OpenCL* for CPU
Ask questions and share information on Intel® SDK for OpenCL™ Applications and OpenCL™ implementations for Intel® CPU
This forum covers OpenCL* for CPU only. OpenCL* for GPU questions can be asked in the GPU Compute Software forum. Intel® FPGA SDK for OpenCL™ questions can be ask in the FPGA Intel® High Level Design forum.
1663 Discussions

setting work_group_size crashes OpenCL on Intel CPU



I am transfering the reduction kernel from amd app sdk.

It requires setting work_group_size when you execute

clEnqueueNDRangeKernel  with local_work_size that is different from 8 it crashes directly in tbb on Intel OpenCL for Intel CPU. The clEnqueueNDRRange successfully launches the kernel.

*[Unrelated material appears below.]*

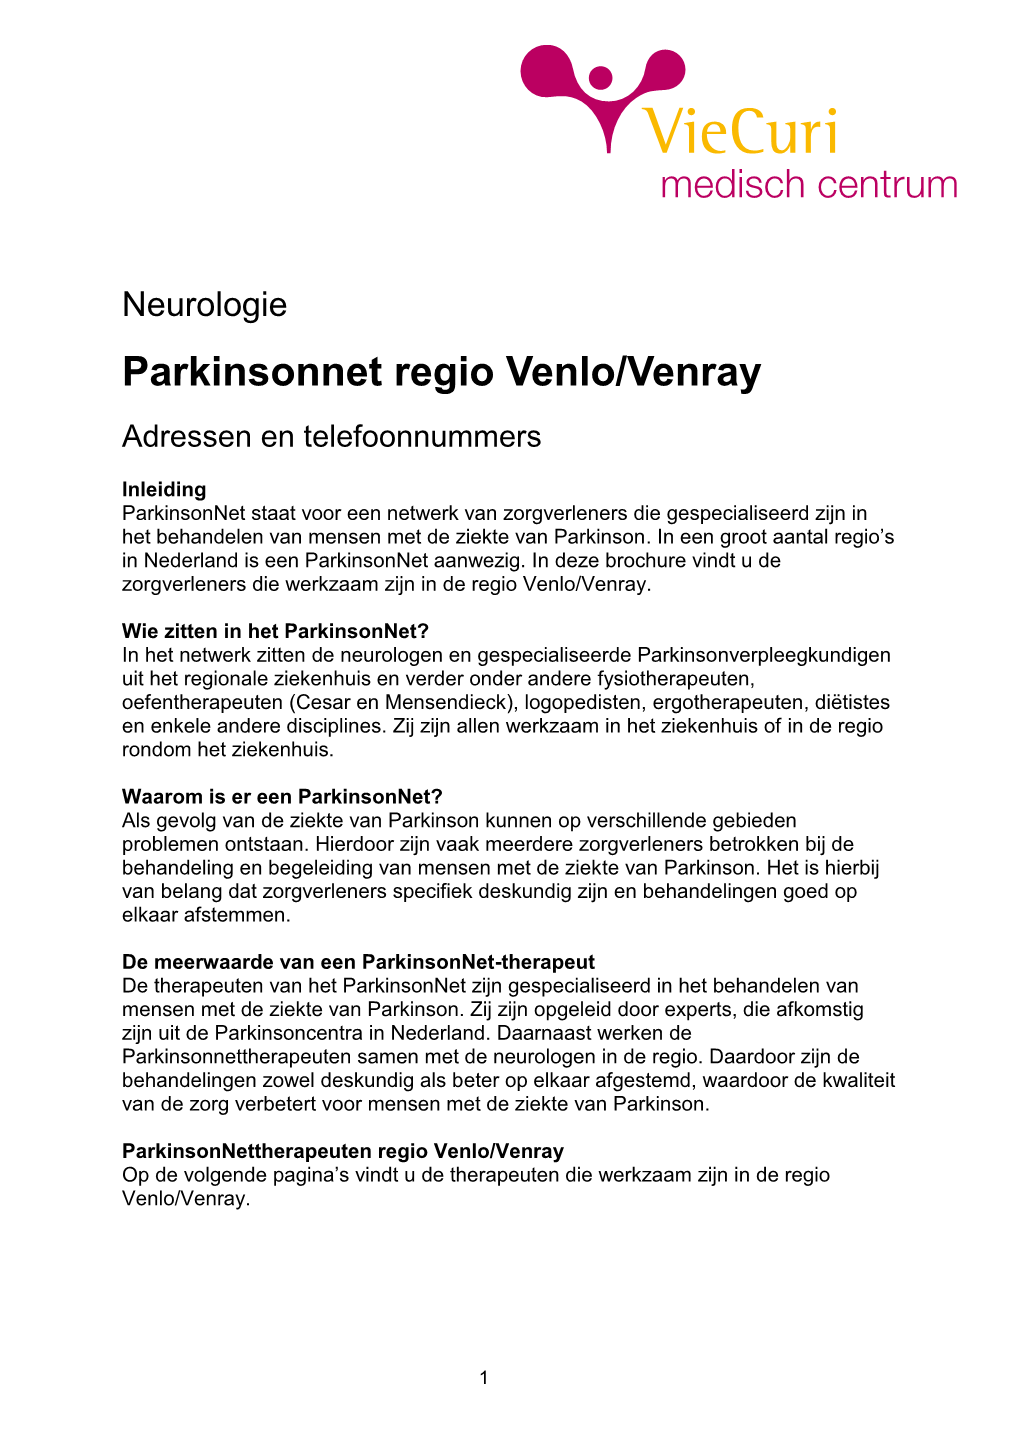 Parkinsonnet Regio Venlo/Venray

When you request work_group_size from the device it returns 8192 (should be 8 in this case) and the kernel work group size is 2048. It crashes with both settings.

Works only with the number of the cores.

I have Intel Haswell 4770K.

I have global_size = 4096;

Intel 4600 GPU works fine for all different sizes according to spec.

The project is located here:

the file that launches the kernel is located here:







0 Kudos
1 Reply

Hi Stefan,

CPU OpenCL version is very unforgiving if you are accessing global or local data out of bounds. I suspect that this is exactly what's going on. For example, in your kernel you have the following line

 sdata[tid] += sdata[tid + s];

tid is unsigned int tid = get_local_id(0);

initial value of s is unsigned int s = localSize >> 1;

So, if your local size is 8, for the last work item in a workgroup, tid is 7 and s is 4, so tid+s is 11, but the size of sdata is 8.

Same problem with the following line:

sdata[tid] = input[stride] + input[stride + 1];

I believe you global memory accesses go out of bound too. Please size your global and local memory such that you don't access your data out of bounds. Otherwise, things will crash on the CPU.